Scaling Frustration Index and Corresponding Balanced State Discovery for Real Signed Graphs
Muhieddine Shebaro, Jelena Tešić
TL;DR
This work tackles the NP-hard problem of computing the frustration index in large signed graphs by introducing two scalable methods: graphBpp, a tree-based algorithm that builds a memory-bound frustration cloud of nearest balanced states to approximate the frustration index, and graphL, a gradient-descent approach that optimizes a continuous relaxation of vertex signs to minimize imbalance. graphBpp leverages multiple spanning-tree samplers and stores only the best near-balanced states, achieving substantial speedups (≈300x) over state-of-the-art on graphs with millions of edges, while graphL offers linear-time gradient updates and typically yields more optimal states at the cost of hyperparameter tuning and single-state output. The authors provide extensive empirical comparisons on large real-world benchmarks (e.g., Konect, Amazon), demonstrating the scalability of graphBpp and the efficiency of graphL, including a memory-limited scalable variant that can process graphs with ~$10^7$ vertices and ~$2.2\times 10^7$ edges. Overall, the paper advances practical balanced-state discovery in real-world large-scale signed networks and offers trade-offs between breadth (multiple near-balanced states) and depth (a single optimized state).
Abstract
Structural balance modeling for signed graph networks presents how to model the sources of conflicts. The state-of-the-art focuses on computing the frustration index of a signed graph, a critical step toward solving problems in social and sensor networks and scientific modeling. The proposed approaches do not scale to large signed networks of tens of millions of vertices and edges. This paper proposes two efficient algorithms, a tree-based \emph{graphBpp} and a gradient descent-based \emph{graphL}. We show that both algorithms outperform state-of-art in terms of efficiency and effectiveness for discovering the balanced state for \emph{any} network size.
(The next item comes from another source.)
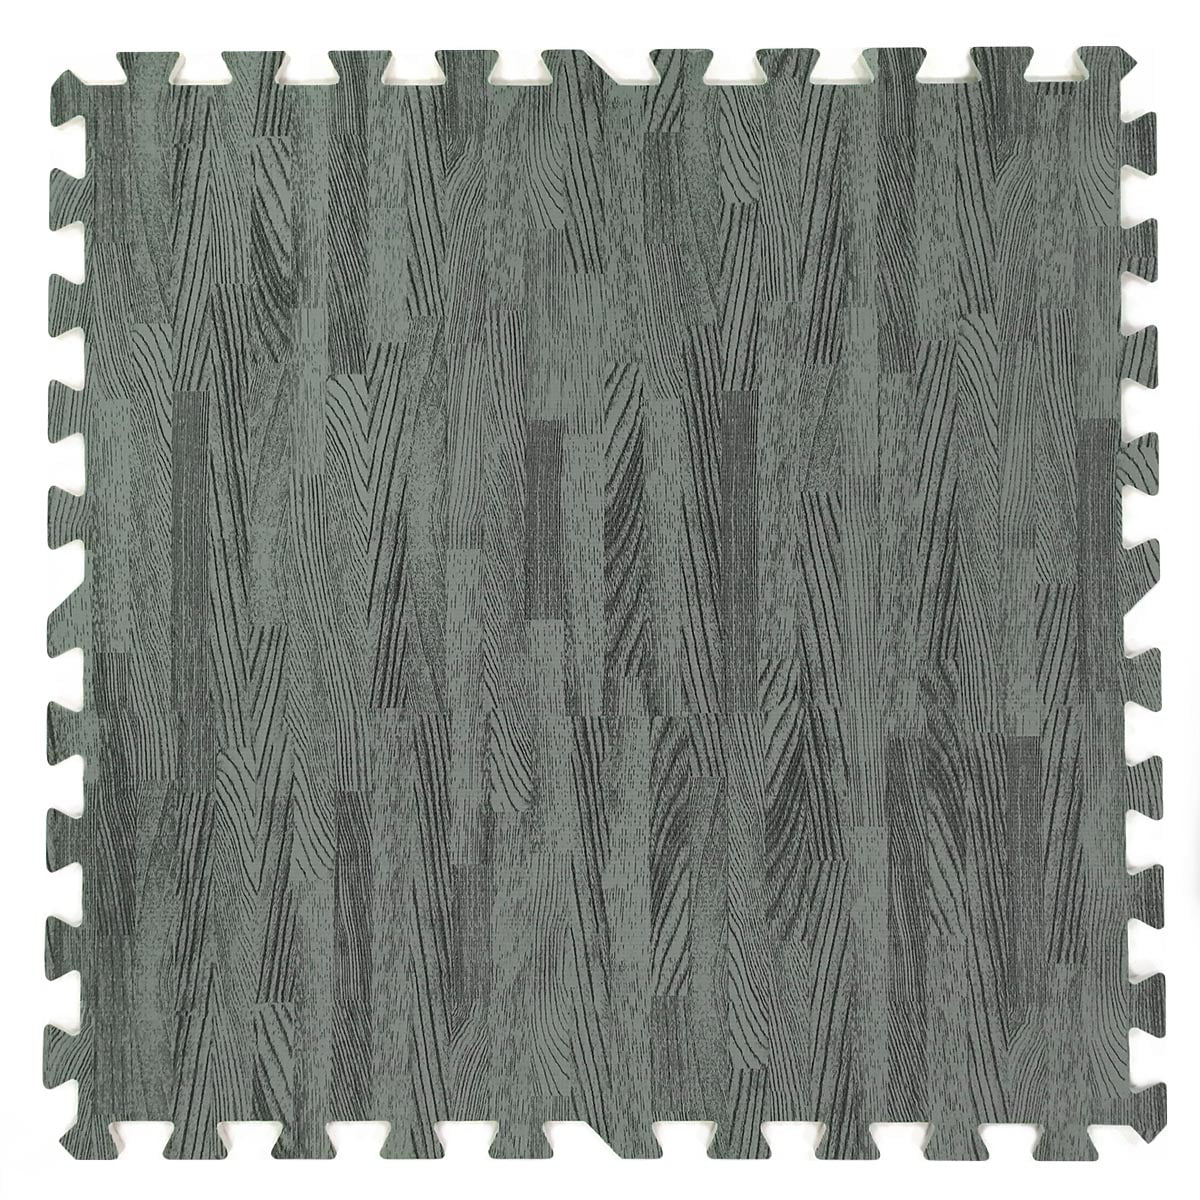 Sale 24-96SQ 0.4" Thick Wood Grain EVA Foam Interlocking Tile Floor Mat NonToxic 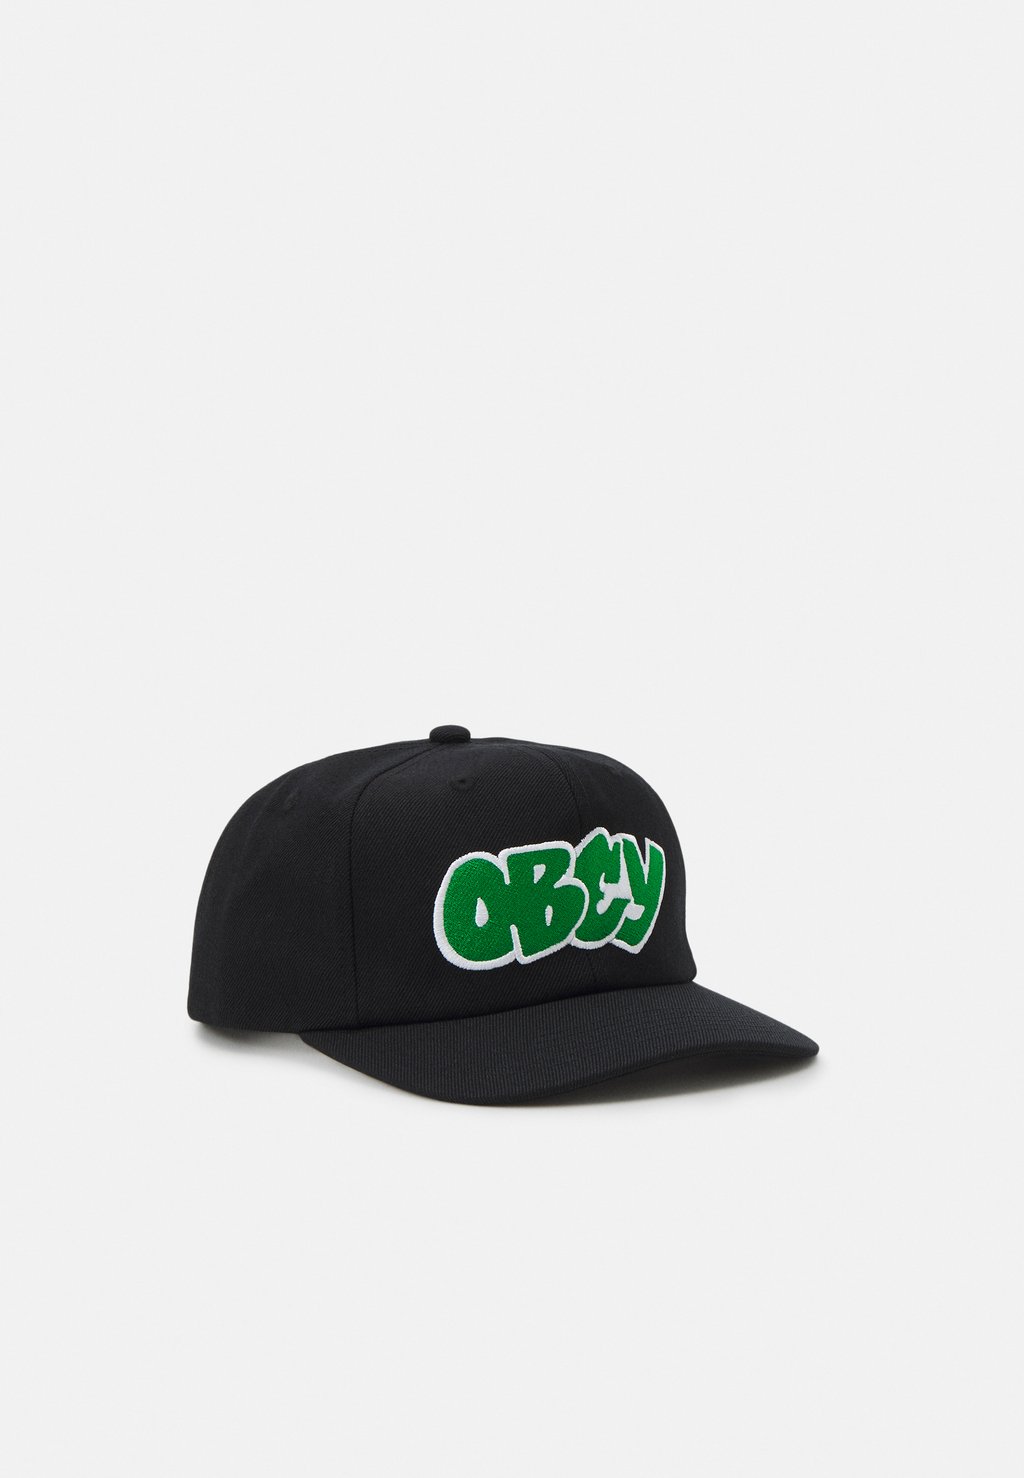 Кепка Obey Clothing ROLL CALL 6 PANEL CLASSIC SNAP, черный кепка obey clothing flower 6 panel strapback черный

We introduce the first comparison for large graphs for the exact, tree-based, and gradient descent-based methods. The speedup of the methods is around \emph{300+ times faster} than the state-of-the-art for large signed graphs. We find that the exact method excels at optimally finding the frustration for small graphs only. \emph{graphBpp} scales this approximation to large signed graphs at the cost of accuracy. \emph{graphL} produces a state with a lower frustration at the cost of selecting a proper variable initialization and hyperparameter tuning.